• [WORK REQUEST]: Every line of the listing below should come back exactly as written, with no images.

• [COLLECTED MATERIAL]:

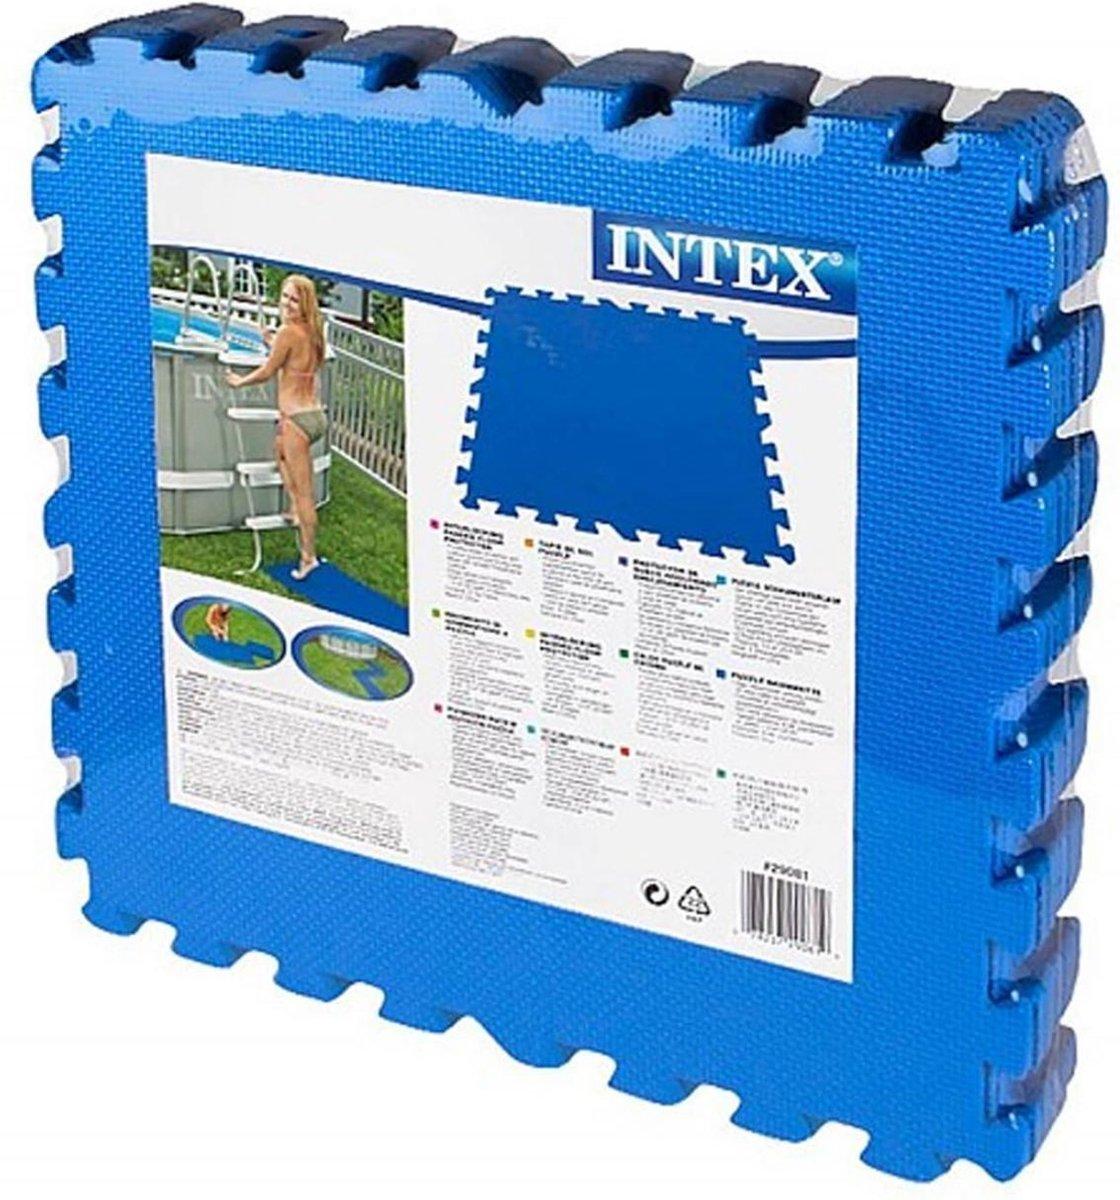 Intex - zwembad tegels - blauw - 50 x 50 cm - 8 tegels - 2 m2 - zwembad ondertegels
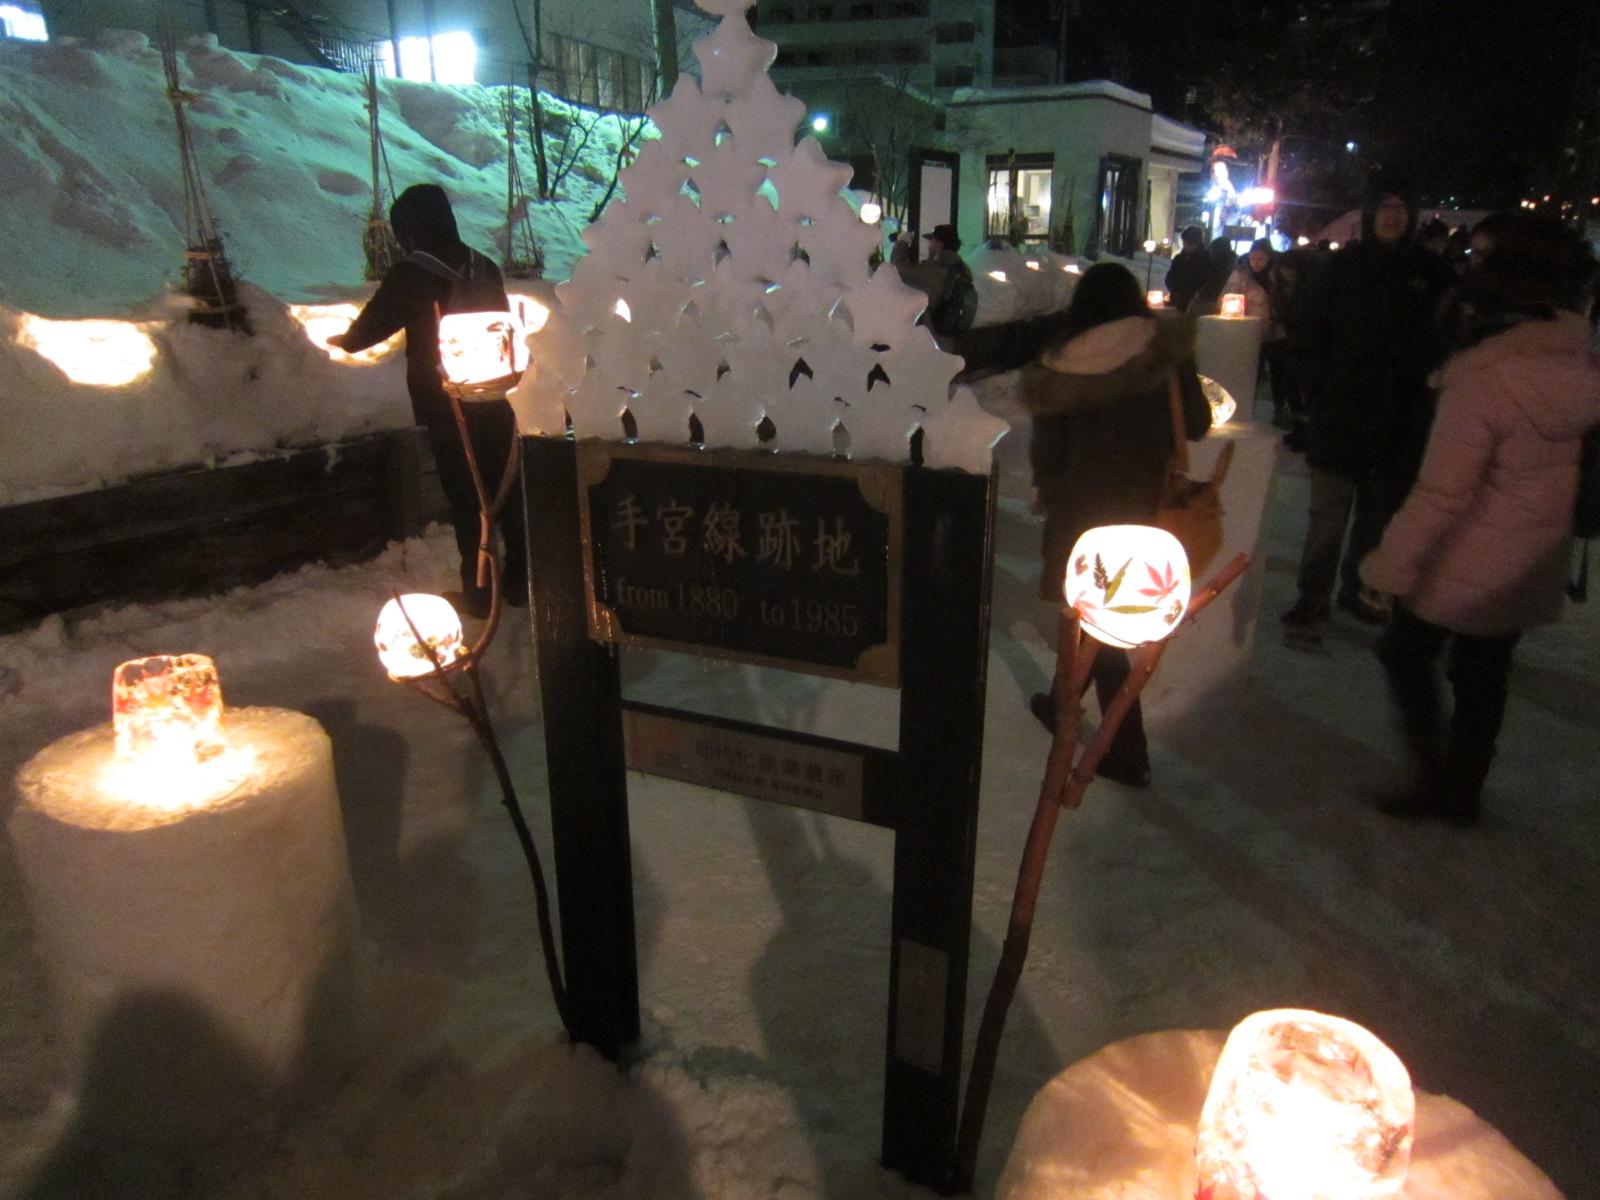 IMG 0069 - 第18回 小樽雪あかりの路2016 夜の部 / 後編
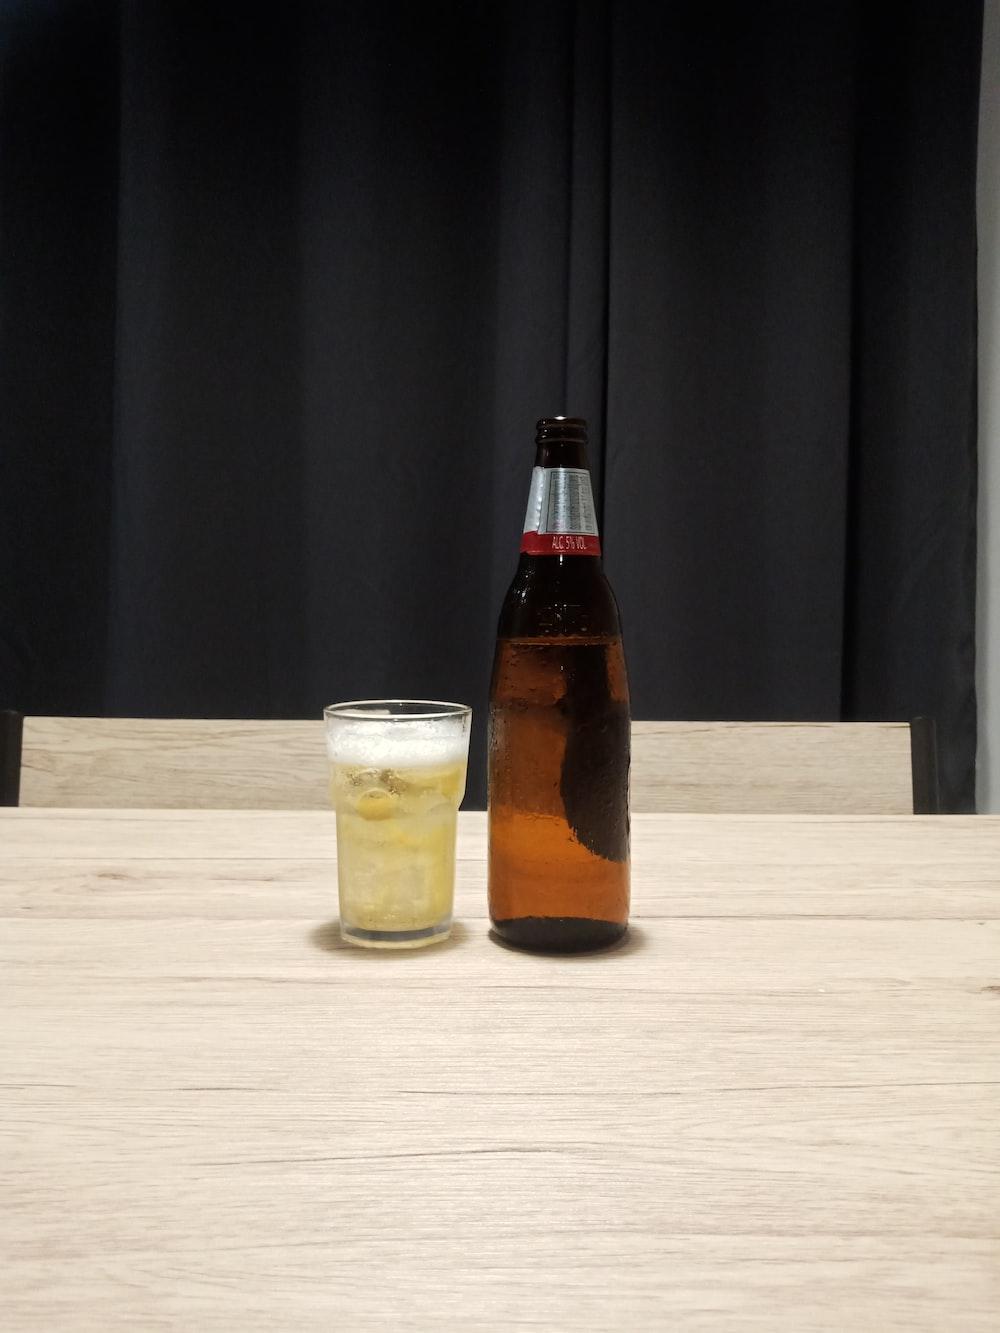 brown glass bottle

• [FINISHED TASK]:
 Intex - zwembad tegels - blauw - 50 x 50 cm - 8 tegels - 2 m2 - zwembad ondertegels
 IMG 0069 - 第18回 小樽雪あかりの路2016 夜の部 / 後編
 brown glass bottle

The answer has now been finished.